Founded by George Fox in England during the 1640s, early Quakerism eschewed the creeds, sacraments and hierarchies of the established Christian churches. Instead, Quakers preached that the "inner light of God" avails itself to all. Instead of church services, many held "meetings" in which believers waited in expectant silence for the still small voice of the divine.

But with this radical trust in individual revelation, however, came the question of separating the truly God-inspired from the hobgoblins of human imagination.

Quakers past and present insist revelations are tested against the discernment of the community. But that leads to questions about what the community uses to gauge truth, said Quaker historian Thomas Hamm, of Indiana's Earlham College. Should it be Scripture? Quaker history? The leading of elders? The Holy Spirit?

"In a lot of cases, Friends want to try to avoid those kinds of discussions partly because they're afraid of the tensions they create,"

Hamm said. "Because if you think the essence of the faith is seeking after your own light, how could you possibly impose your light on someone else?"

The roughly 100,000 Quakers in the U.S. haven't entirely avoided those discussions, however, and Friends now split into four main branches. Three are explicitly Christian; the more liberal fourth branch is less emphatic about its Christian identity.

Across the board, Quakers embrace a variety of theologies and practices. About one-third of Quakers, for example, hold mostly silent, "unprogrammed" meetings each Sunday, meaning no music, sermon or liturgy.

The majority of Quakers belong to "pastoral" meetings or churches, which have assimilated by degrees into mainstream Protestant culture, with praise bands and pastors.

Liberal Quakers, who shade into pantheism and even atheism, say that early Quakers used the religious language of their time -- Christianity

-- to express their revelations. Quakers now "have more light" and can move past those revelations, they say.

On the other hand, Bible-believing evangelical Friends say some Quaker peculiarities, such as the lack of sacraments, should be jettisoned in order to reach potential converts.

Each side is exerting an almost gravitational pull toward the extremes, according to Friends.

"We're a small planet and we're circling two different suns," said Healton, the Sacramento preacher.

Robin Mohr, 39, a San Francisco Quaker, said the Quaker planet may be swinging away from "Quakerism-means-you-can-believe-what-you want" and back to a more Christ-centered orbit.

Mohr and others are using blogs to foster a "convergent" -- short for "conservative" and "emergent" -- movement that combines the best elements of Quaker tradition and the postmodern methods of the "emerging churches."

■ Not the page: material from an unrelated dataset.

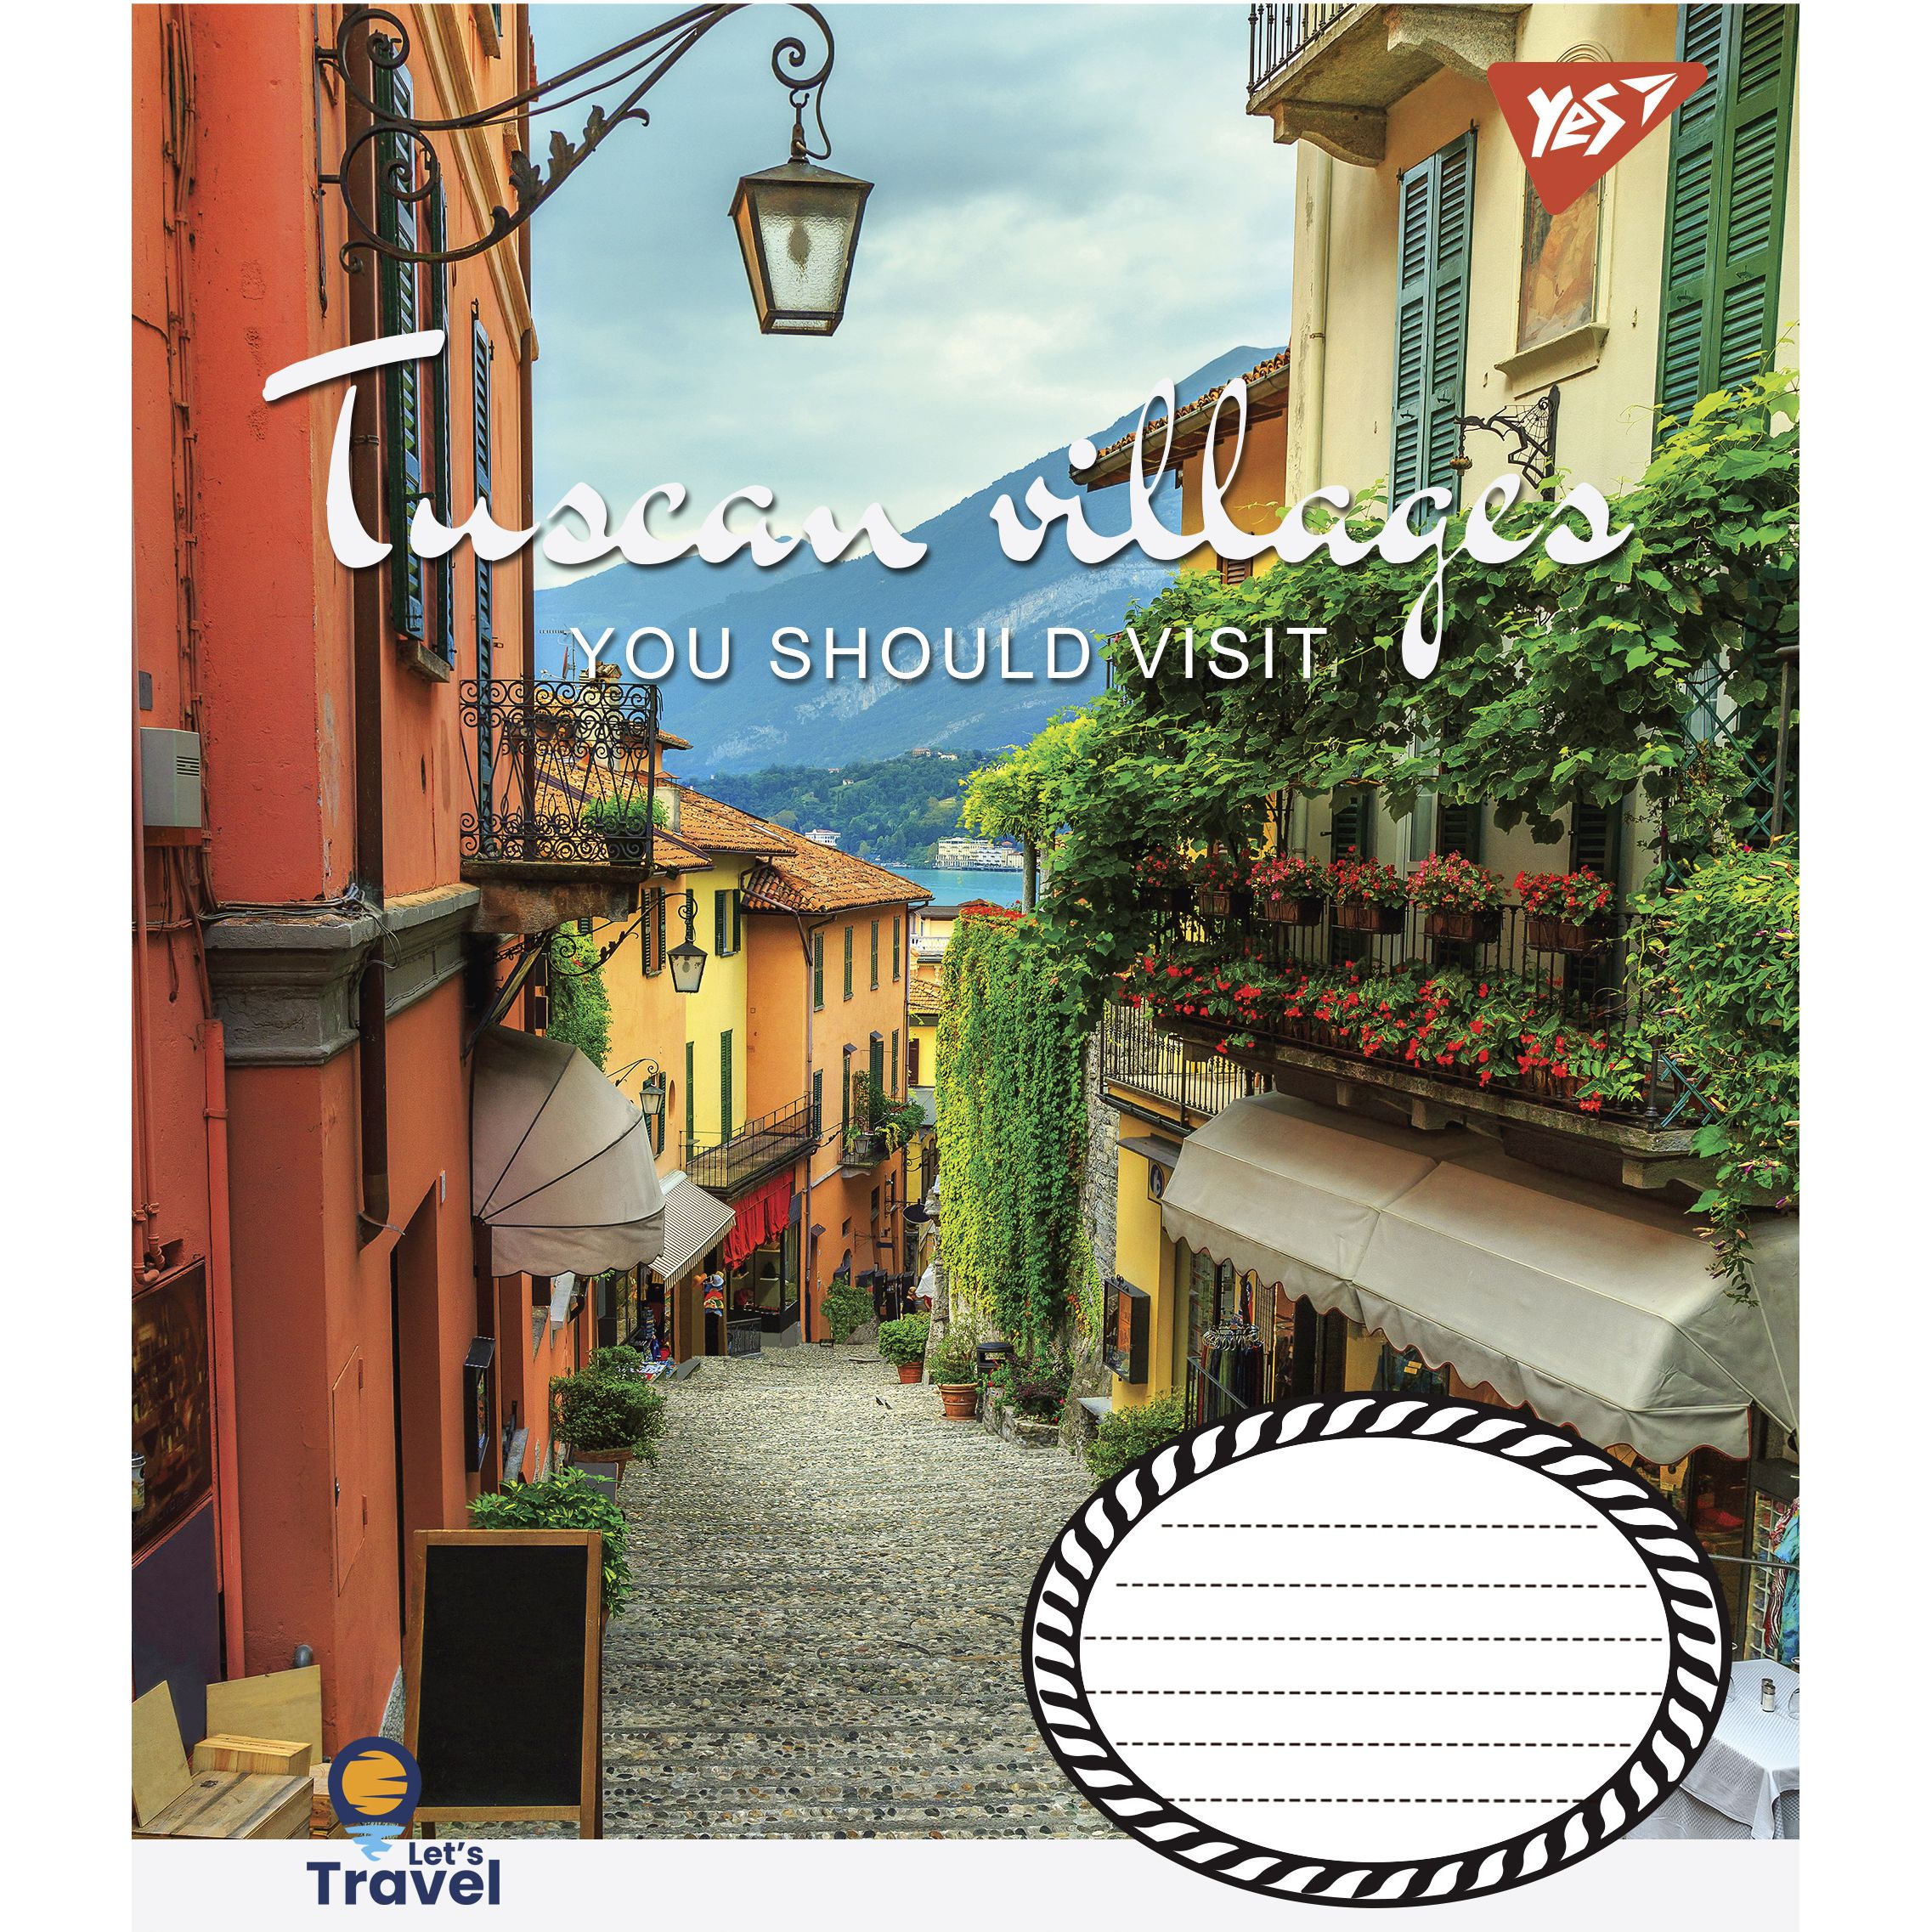 Тетрадь общая Yes Tuscan Villages, A5, в клеточку, 48 листов - фото 5

"I see convergent friends as people who are becoming more serious about Quakerism," Mohr said, "and not about syncretizing other religions into Quakerism."

Even so-called "hyphenated Friends," such as the Pagan-Quaker Cat Chapin-Bishop, say that "Christianity is the native language for Friends and that's the language that 350 years of wisdom is expressed in.

"I have to speak that language even if it's not the language that the spirit speaks to me."

Whatever language Quakers speak, says John Vogel-Borne, 54, a lifelong Friend from Cambridge, Mass., they must lift their voices.

"We have had a significant impact on the world," he said. "And we can still do so. We bring a particular spiritual light to the way the world is today."